Tschopik continued his education at Harvard University, doing graduate work on a path that would allow him to specialize in the archeology of Central America. When opportunities to work within his specialty failed to materialize, he instead accepted the invitation to assist Clyde Kluckhohn in his ethnographic work on the material culture of Navaho communities throughout 1937.

== Career ==
Tschopik's career in ethnology began alongside his work with Kluckhohn. While his original trajectory was toward archeology, his admiration for Kluckhohn's work and guidance helped convert him to ethnology. Much of his early scholarship is centered on his field of the Navaho communities from 1937 to 1941.

His interest in Peruvian cultures stemmed from his work with Marion Hutchinson, whom he would marry in August 1939. Alongside Hutchinson, he initially studied a mummy bundle discovered in the Great Necropolis at Paracas, Peru. Upon completion of his M.A. at Harvard, he and Hutchinson relocated to Peru to perform fieldwork on the conservative Aymará community outside of Puno. Much of Tschopik Jr.'s career was centered on his fieldwork of material culture of the Aymará people, including his dissertation for a Ph.D. from Harvard University in 1951.

In 1945, Tschopik replaced John Gillin as the Representative in Peru for the Institute of Social Anthropology within the Smithsonian Institution. By 1947, he became the Assistant Curator of Ethnology at the American Institute of Natural History in New York City.
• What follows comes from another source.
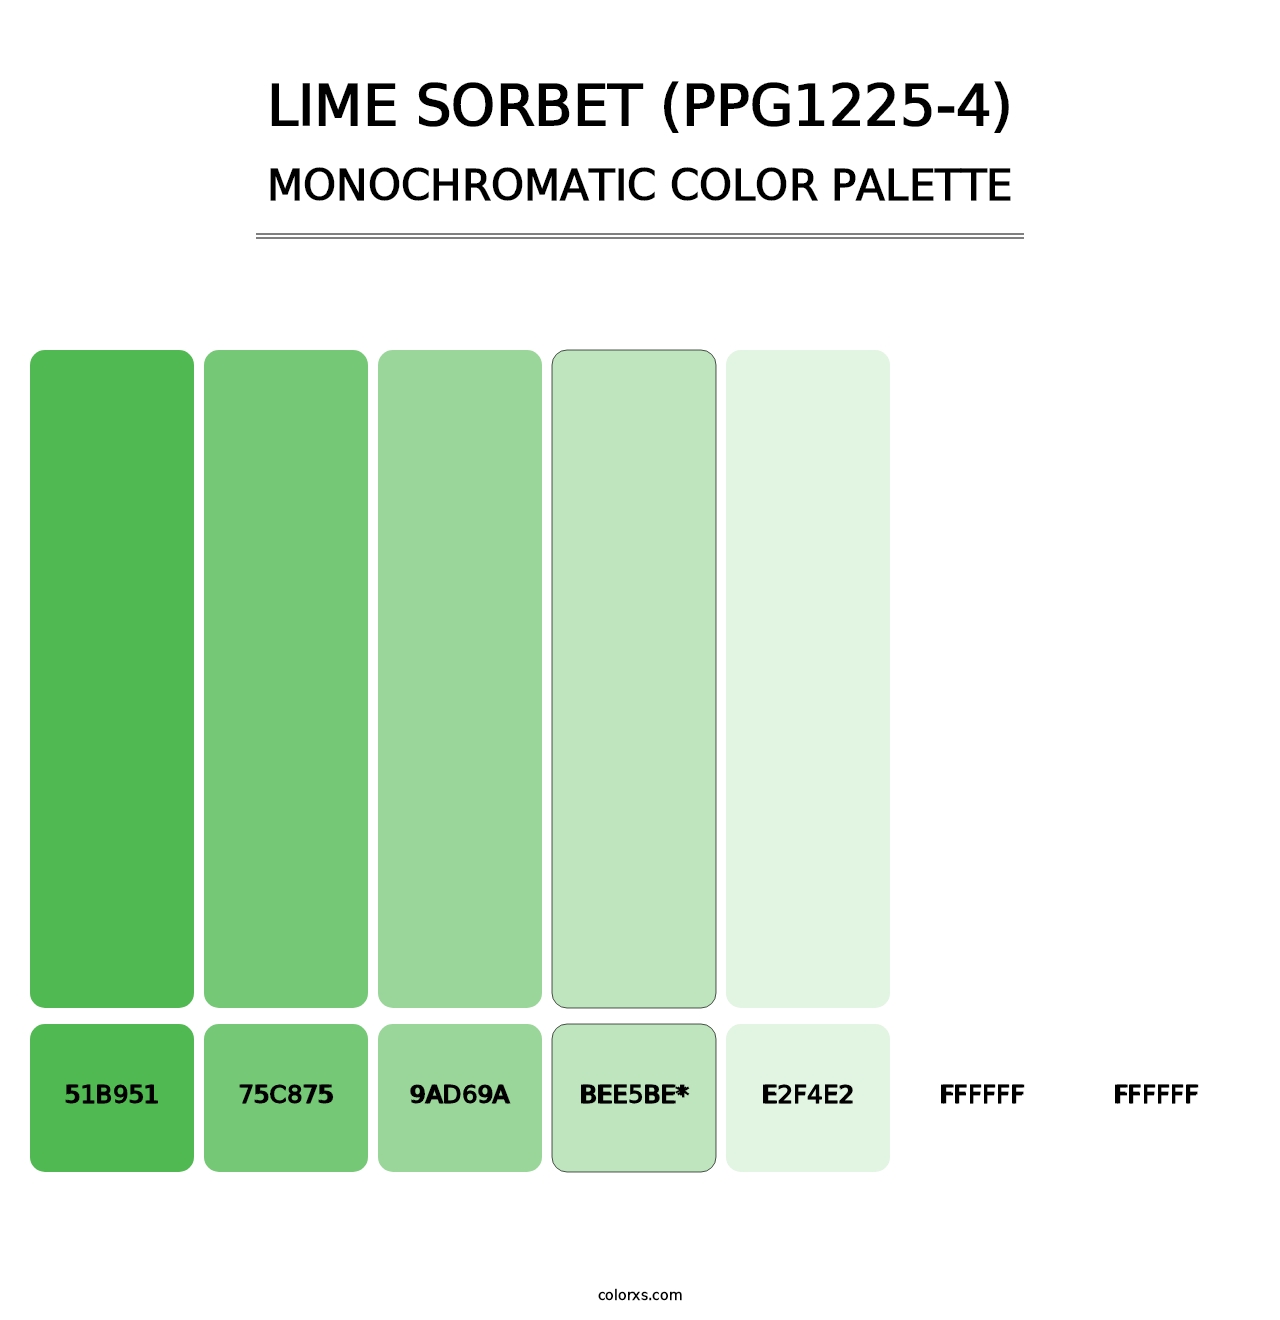 Lime Sorbet (PPG1225-4) - Monochromatic Color Palette

From 1949 to 1951, he held a brief appointment as Lecturer at Columbia University, where he taught courses on Andean communities. While he was revered by his colleagues and students as a great teacher, Tschopik preferred the hands-on work of ethnology and anthropology, as well as the collaborations with museums and other institutions.
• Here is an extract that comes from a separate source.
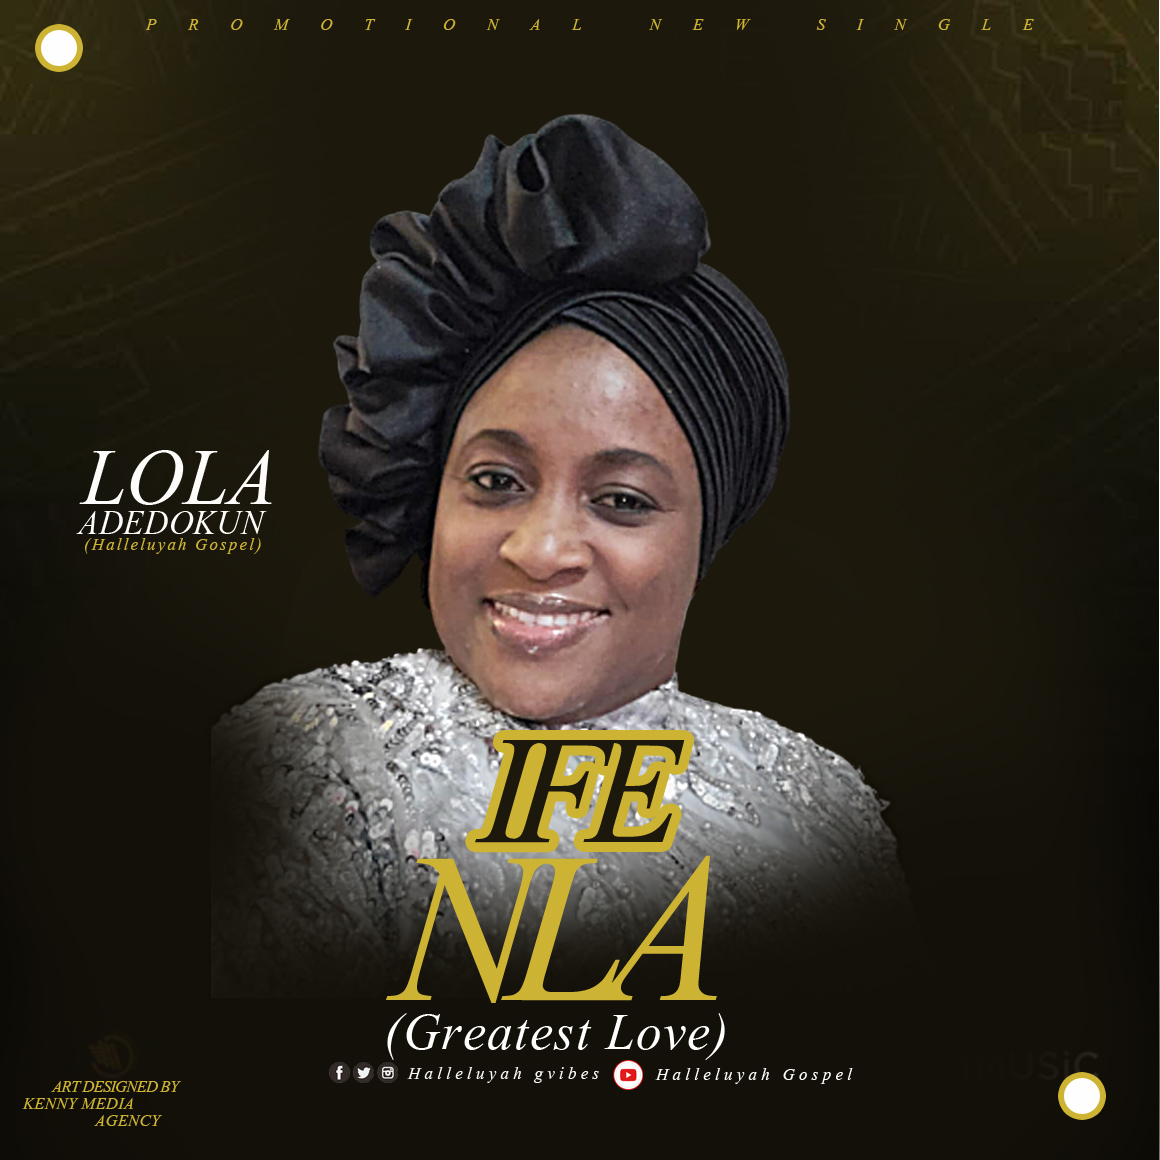 Ife Nla (Greatest Love) by Lola Adedokun

Beyond his work with the Aymará people, Tschopik documented numerous communities throughout Eastern Peru, including the Campa people, Conibo, Cocama people, Shipibo, and Ucayali peoples. In 1951, he developed an installation at the American Museum based on his work, entitled "Men of the Montaña". He made a 1953 trip to document the Shipibo-Conibo people in Peru, and recorded silent footage of the tribe. In a 2016 article, researchers at The Field Museum described Tschopik's film as "the earliest and most substantial visual documentation of the Shipibo-Conibo culture" and described it as an inspiration for a documentary film, Shipibo: La Película de Nuestra Memoria.

On November 12, 1956, Tschopik died in his sleep because of heart failure. At the time of his death, he was developing long-term research plans for ongoing research of the Shipibo and Ucayali peoples. He was survived by his wife Marion, a son, and two daughters.

== Works ==
- Tschopik, Harry. "Taboo as a possible factor involved in the obsolescence of Navaho pottery and basketry." American Anthropologist. 40 (1938): pp. 257–262.
- ——. "Artifacts of perishable materials." The University of New Mexico Bulletin: Anthropological Series. Volume 3, No. 2 (1939): pp. 94–130.
- ——. "Navaho basketry: a study of culture change." American Anthropologist. 42 (1940): pp. 444–462.
- ——. "Navaho pottery making: an inquiry into the affinities of Navaho painted pottery." Papers of Peabody Museum of American Archeology and Ethnology. Harvard University. Volume 18, No 1 (1941).
- ——. "The Aymará." Handbook of South American Indians. Bureau of American Ethnology Bulletin. Volume 2 (1946): pp. 501–573.
- ——. "Highland communities of central Peru: a regional survey." Institute of Social Anthropology. Number 5. Washington, D.C.: Smithsonian Institution, 1947.
- ——. "Program Notes and Bibliography." Music of Peru. N. P.: Folkways Records, 1950.
- ——. "Men of Montaña." Natural History. (December, 1951): pp. 450–455.
- ——. "Program Notes." Maori Songs of New Zealand. N. P.: Folkways Records, 1952.